A: Differentiating adhesive capsulitis from other shoulder pathologies like rotator cuff tears or osteoarthritis requires a thorough physical exam focusing on specific findings. Adhesive capsulitis presents with global loss of both active and passive range of motion, especially external rotation, abduction, and internal rotation, with a characteristic 'capsular pattern'. In contrast, rotator cuff tears typically exhibit weakness in active abduction and external rotation with preserved passive range of motion. Osteoarthritis may cause pain with movement and crepitus, but the range of motion restriction is less pronounced than in adhesive capsulitis. Painful arc testing, where pain is elicited between 60 and 120 degrees of abduction, can be positive in both rotator cuff tears and adhesive capsulitis, but the global restriction of motion is a key distinguishing feature of the latter. Consider implementing specific tests like the Apley scratch test and the Neer impingement test to aid in differential diagnosis.

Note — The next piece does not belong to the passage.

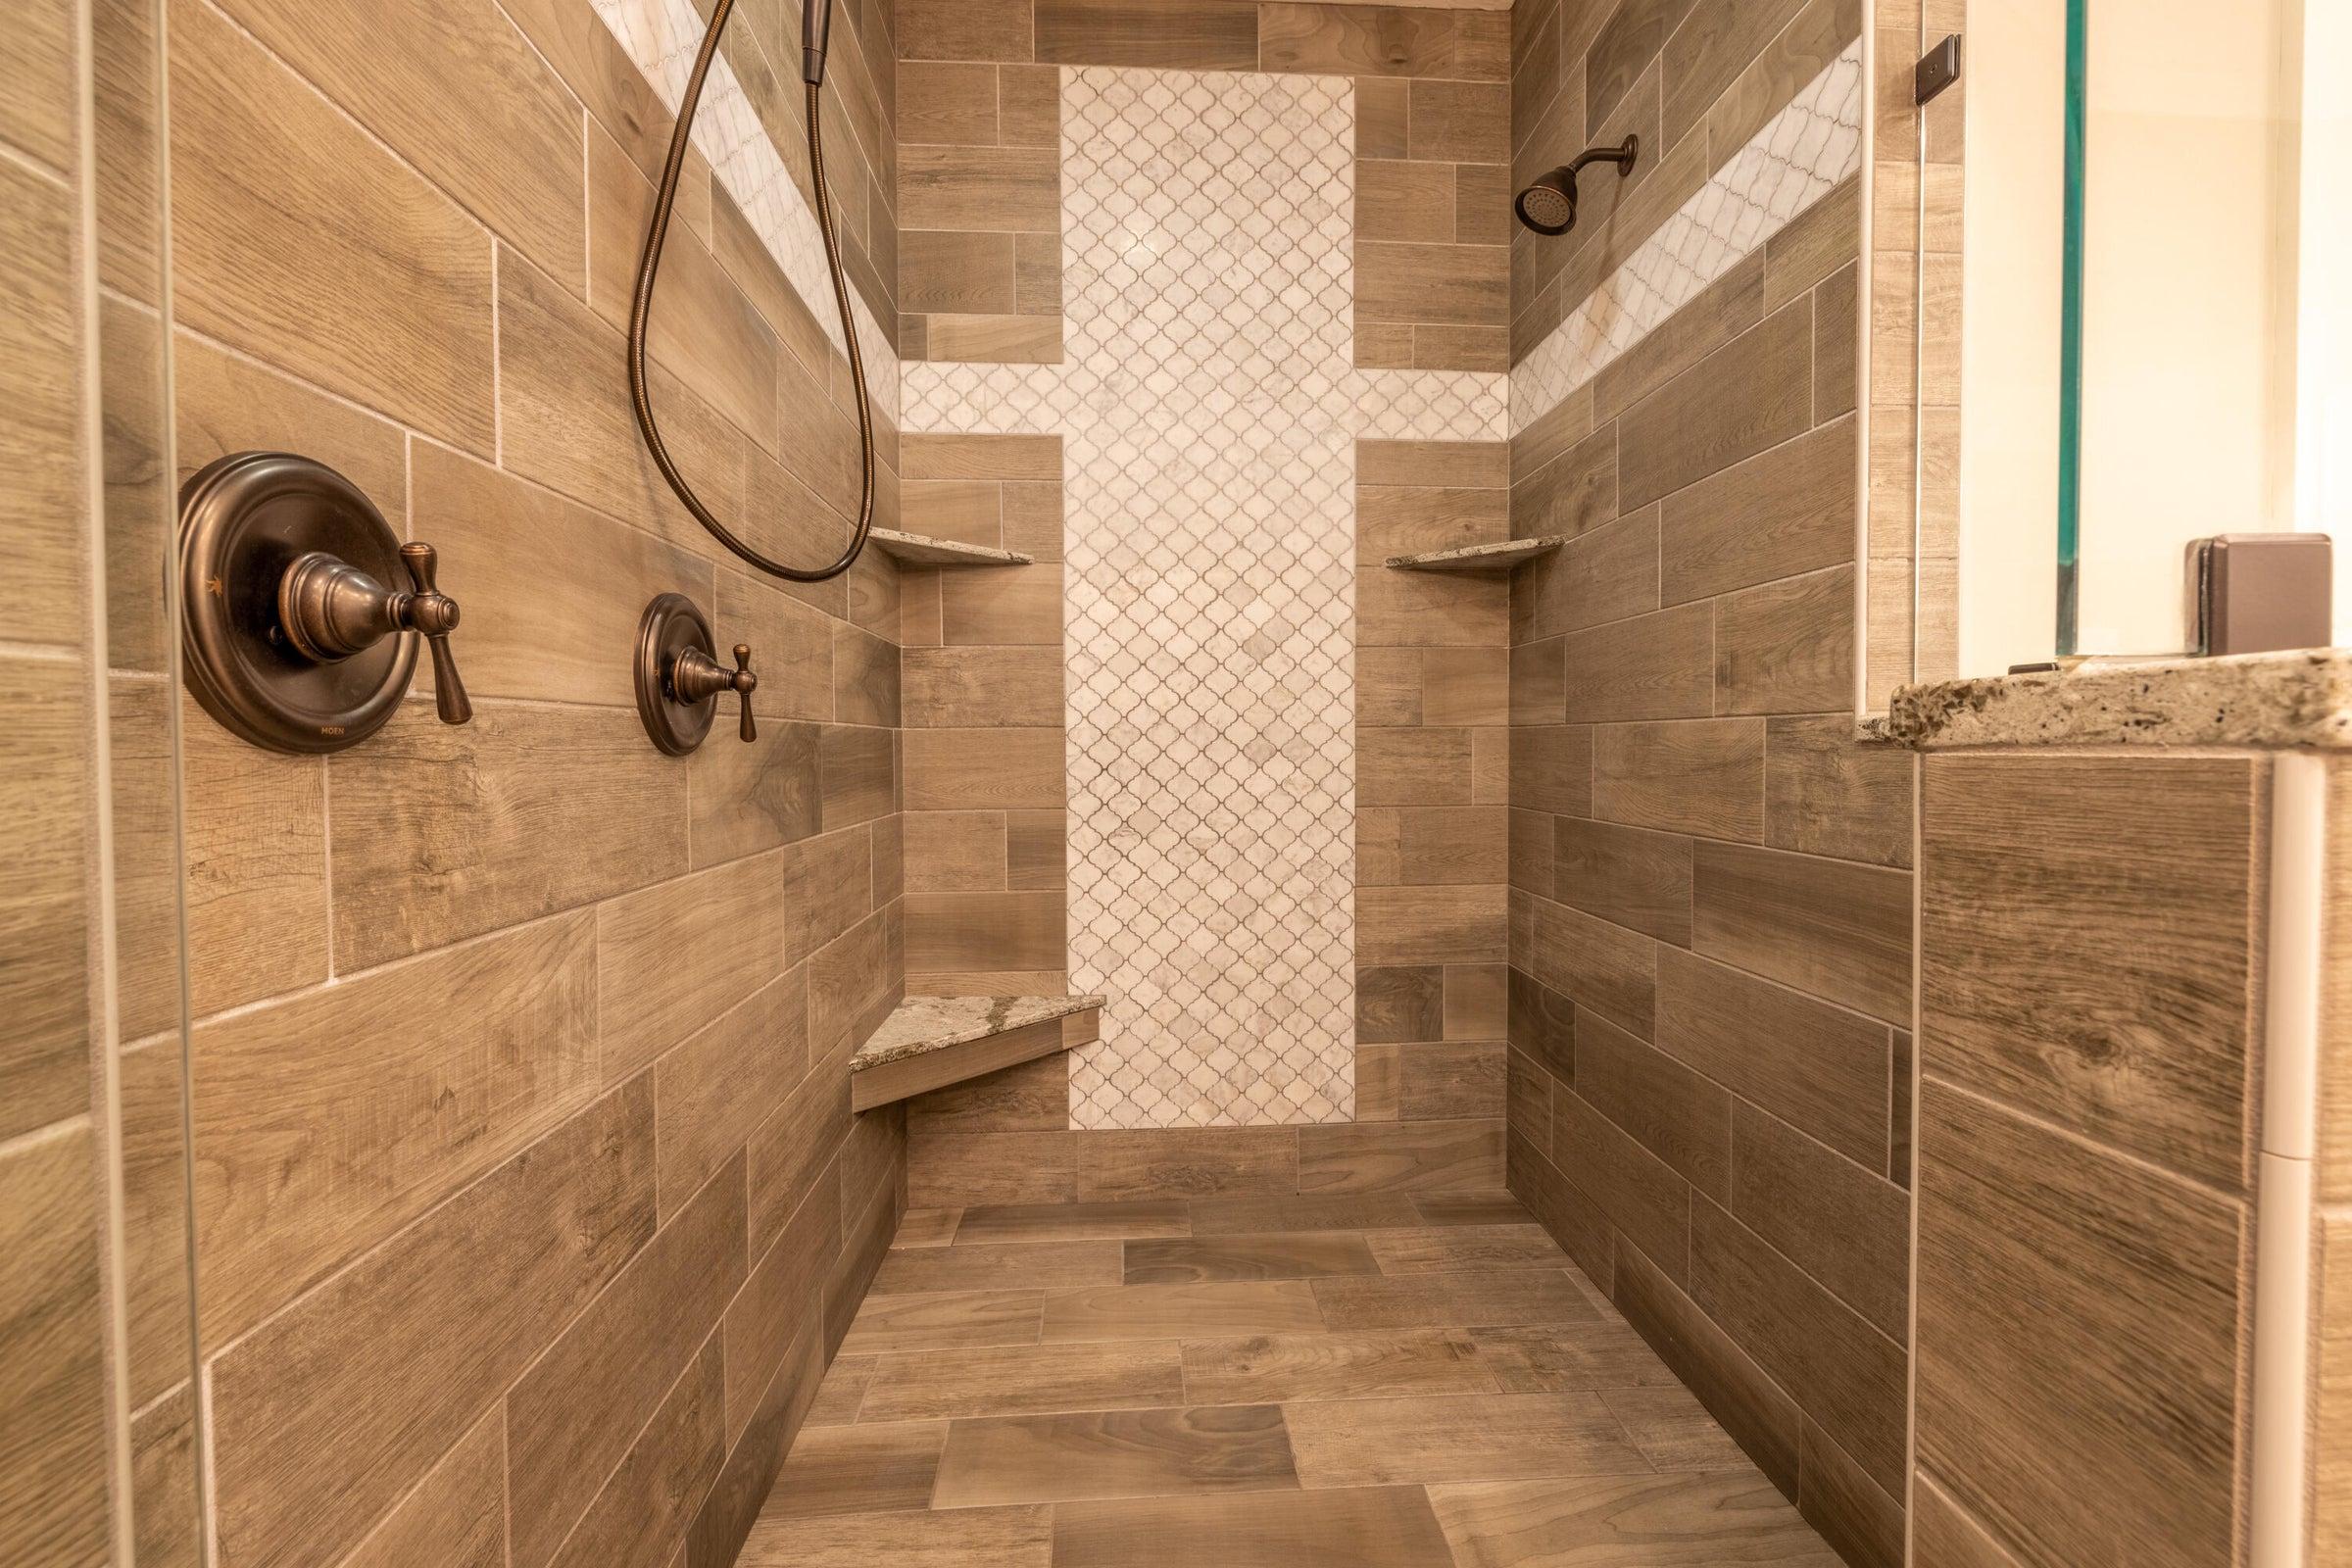 Tile Shower in En-Suite

Explore how imaging studies, such as X-rays and MRIs, can help rule out other conditions and confirm the diagnosis, particularly when differentiating between adhesive capsulitis and other shoulder pathologies.

Quick Tips

Practical Coding Tips
  • Code M75.01 right shoulder
  • Verify laterality in documentation
  • Check ROM limitations for Dx
  • Exclude other shoulder pathologies
  • Document pain and stiffness details

Documentation Templates

Patient presents with complaints consistent with adhesive capsulitis of the right shoulder, also known as frozen shoulder or shoulder stiffness.  Onset of right shoulder pain and restricted range of motion was reported as [Onset timeframe - e.g., gradual over the past three months, sudden following a fall].  Patient reports significant limitations in activities of daily living (ADLs) due to pain and stiffness, including difficulty with [Specific ADLs affected - e.g., dressing, reaching overhead, sleeping].  Physical examination reveals reduced active and passive range of motion in the right shoulder, particularly in [Specific ROM limitations - e.g., abduction, external rotation, flexion].  Palpation revealed tenderness around the [Specific location of tenderness - e.g., glenohumeral joint, anterior shoulder].  No crepitus was noted.  Strength testing was limited by pain but showed no significant weakness.  Differential diagnosis includes rotator cuff tear, glenohumeral arthritis, and shoulder impingement syndrome.  Current symptoms do not suggest cervical radiculopathy.  Diagnosis of adhesive capsulitis is based on clinical presentation, characteristic restriction in range of motion, and reported pain.  Initial treatment plan includes physical therapy focused on range of motion exercises, stretching, and modalities for pain management.  Patient education regarding the natural history of adhesive capsulitis and the importance of adherence to the prescribed therapy was provided.  Follow-up appointment scheduled in [Follow-up timeframe - e.g., four weeks] to assess response to treatment and consider additional interventions such as corticosteroid injections if necessary.  ICD-10 code M75.01 is assigned for right shoulder adhesive capsulitis.